Como se salvou Lula então em meio da derrubada do PT? Foi em primeiro lugar devido ao apoio das camadas pobres que se beneficiavam de programas como Bolsa Família. Alguns desses programas assistencialistas, como Fome Zero, fracassaram por completo, por falta de verba. Mas a Bolsa Família chegou ao ano passado a 11 milhões de famílias de renda baixíssima (abaixo de R$ 120 por pessoa), com pagamentos de até R$95 por mês. Na realidade, o custo ao erário público é muito pouco, totalizando R$ 10 bilhões, em comparação com os mais de R$ 160 bilhões que Brasil pagará em juros para a dívida pública (ver Valério Arcary, “Argumentos críticos sobre a Bolsa Família”, Correspondencia de Prensa, 21 de outubro). Mesmo com estes programas, no Brasil de Lula existe mais que uma população da Argentina de miseráveis. Segundo um estudo da Fundação Getúlio Vargas, “pobreza ainda atinge 42,6 milhões de brasileiros”. E sobre tudo, este tipo de programa é parte integrante do esquema “neoliberal”, que substitui pagamentos aos mais pobres à eliminação dos direitos adquiridos dos trabalhadores, como são as aposentadorias.

Isto é a encomenda mais importante proferida pelas altas finanças e as cúpulas imperialistas a um eventual segundo governo Lula. O Delfim Netto, economista da ditadura militar, hoje convertido em conselheiro de Lula e deputado do PMDB, explicou em entrevista na Folha de S. Paulo (26 de agosto) seu voto pelo ex-sindicalista “para terminar o que começou”. “Há duas reformas que precisam ser feitas e só o Lula pode fazer”, prossegue, a reforma da Previdência e a trabalhista. “Só o Lula pode produzir essas duas reformas, porque o trabalhador acredita nele.” Um dos dirigentes dos empresários pró Lula, Laurence Pih, explicou ao jornalista Josias de Souza da Folha (em seu blog do 12 de julho) que tipo de “reforma” trabalhista querem os patrões: “É importante desonerar a folha. As contribuições sociais chegam a quase 100% dos salários.” Buscam cassar direitos, eliminar “privilégios” na previdência. E não são capitalistas menores os que apóiam Lula: Pih é dono do maior moinho de trigo da América Latina; seu vice José Alencar é um industrial têxtil renomado “rei das camisetas”, e agora recebe o aval de Blairo Maggi, governador do Mato Grosso, conhecido como o “barão da soja”.

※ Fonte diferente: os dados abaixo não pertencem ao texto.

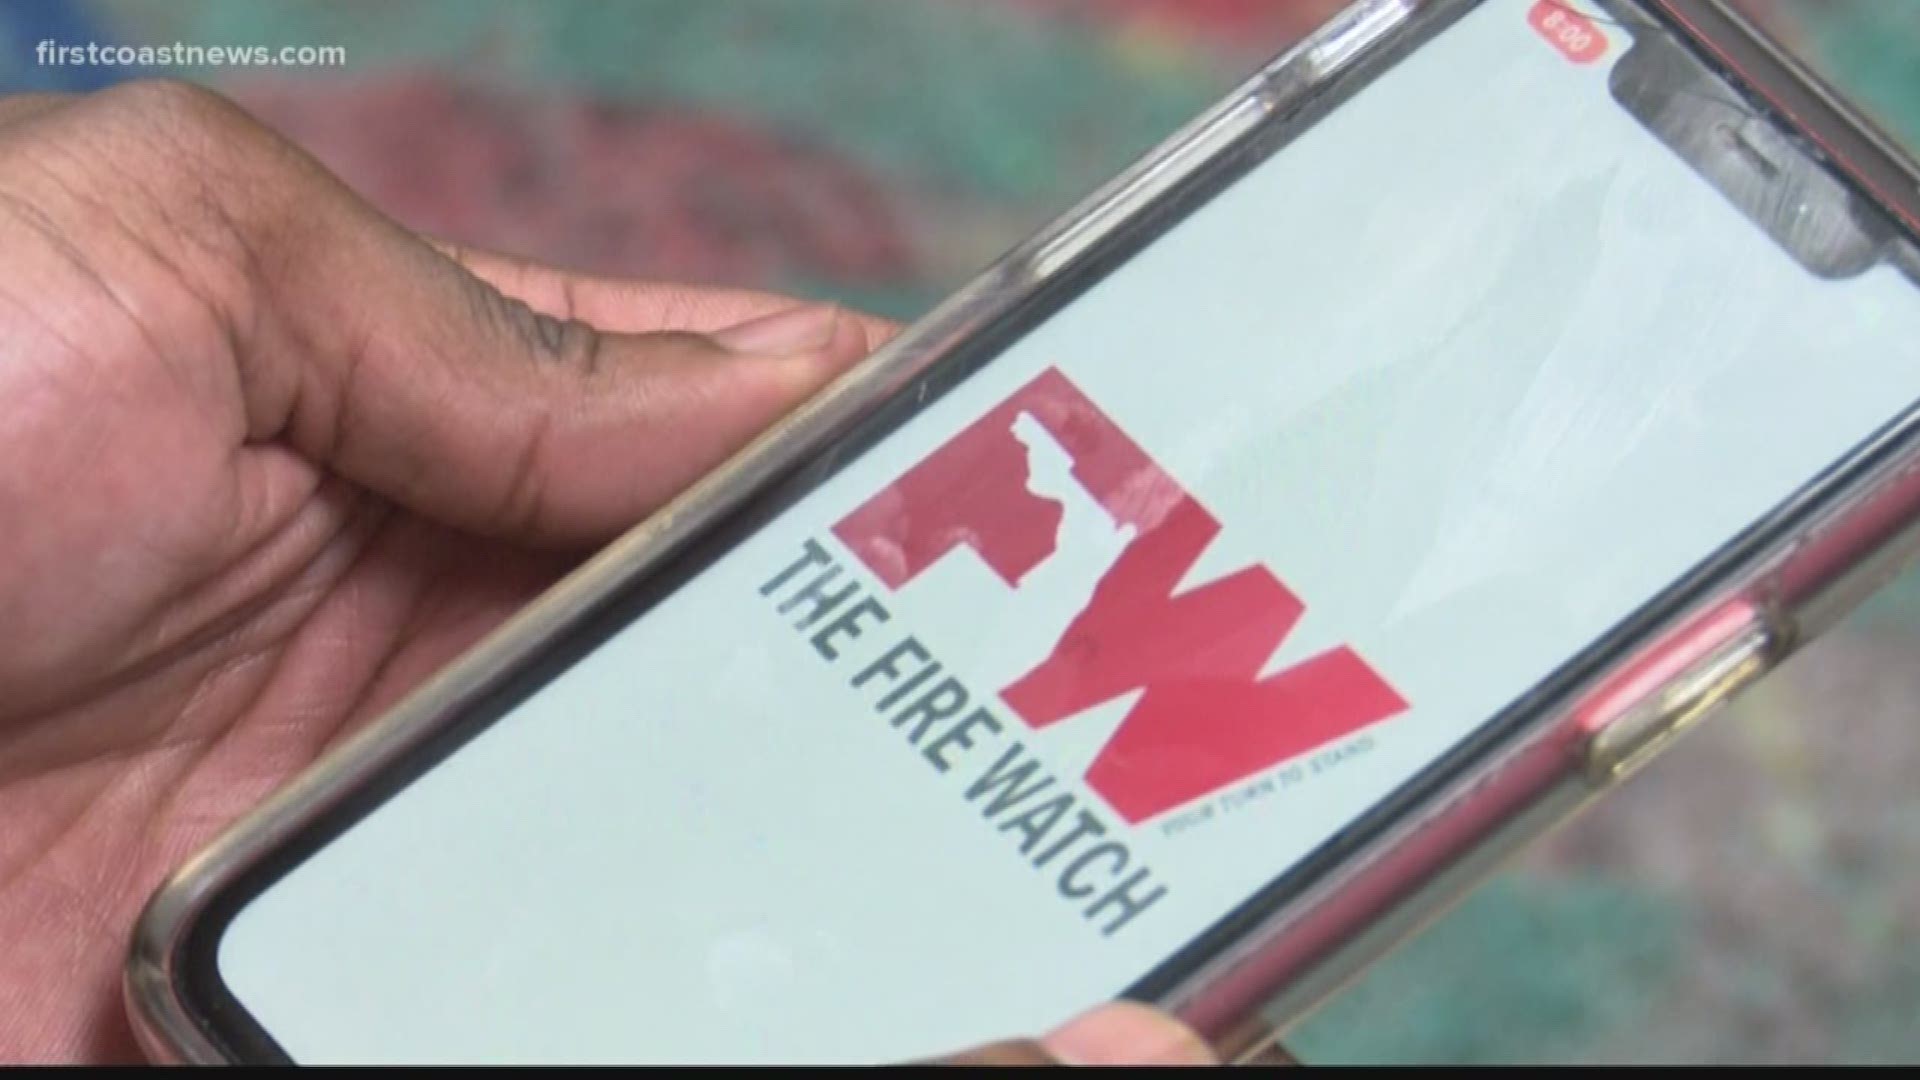 The Fire Watch App launched on Thursday with a purpose to connect veterans with local resources during crisis situations.

É notável o apoio que o chefe do PT recebe dos capitães da agroindústria, em recompensa pelas subvenções bilionárias do governo a esse setor. Ao contrário, como escrevemos em VO No. 9, “No campo, a fala do PT de reforma agrária tem dado resultado nulo. A estrutura da propriedade rural, uma das mais desiguais do mundo, não mudou um pingo.” Somente cerca de 127.000 famílias camponesas receberam terra do governo Lula até o fim de 2005, e só 27.000 em assentamentos da reforma agrária. Isto fica bem longe dos 400.000 assentados que lhe pediu o Movimento dos Trabalhadores Rurais Sem Terra (MST) no começo do governo do companheiro presidente. Além disso, um estudo recente da Organização Internacional do Trabalho, Trabalho escravo no Brasil do século XXI, avalia que há atualmente entre 25.000 e 40.000 trabalhadores forçados em situações de escravidão no Brasil, a grande maioria nas zonas rurais. Na última década houve denúncias de 34.000 casos de trabalho escravo e foram libertadas 18.000 pessoas, mas somente no final de outubro se deu a primeira condenação jurídica.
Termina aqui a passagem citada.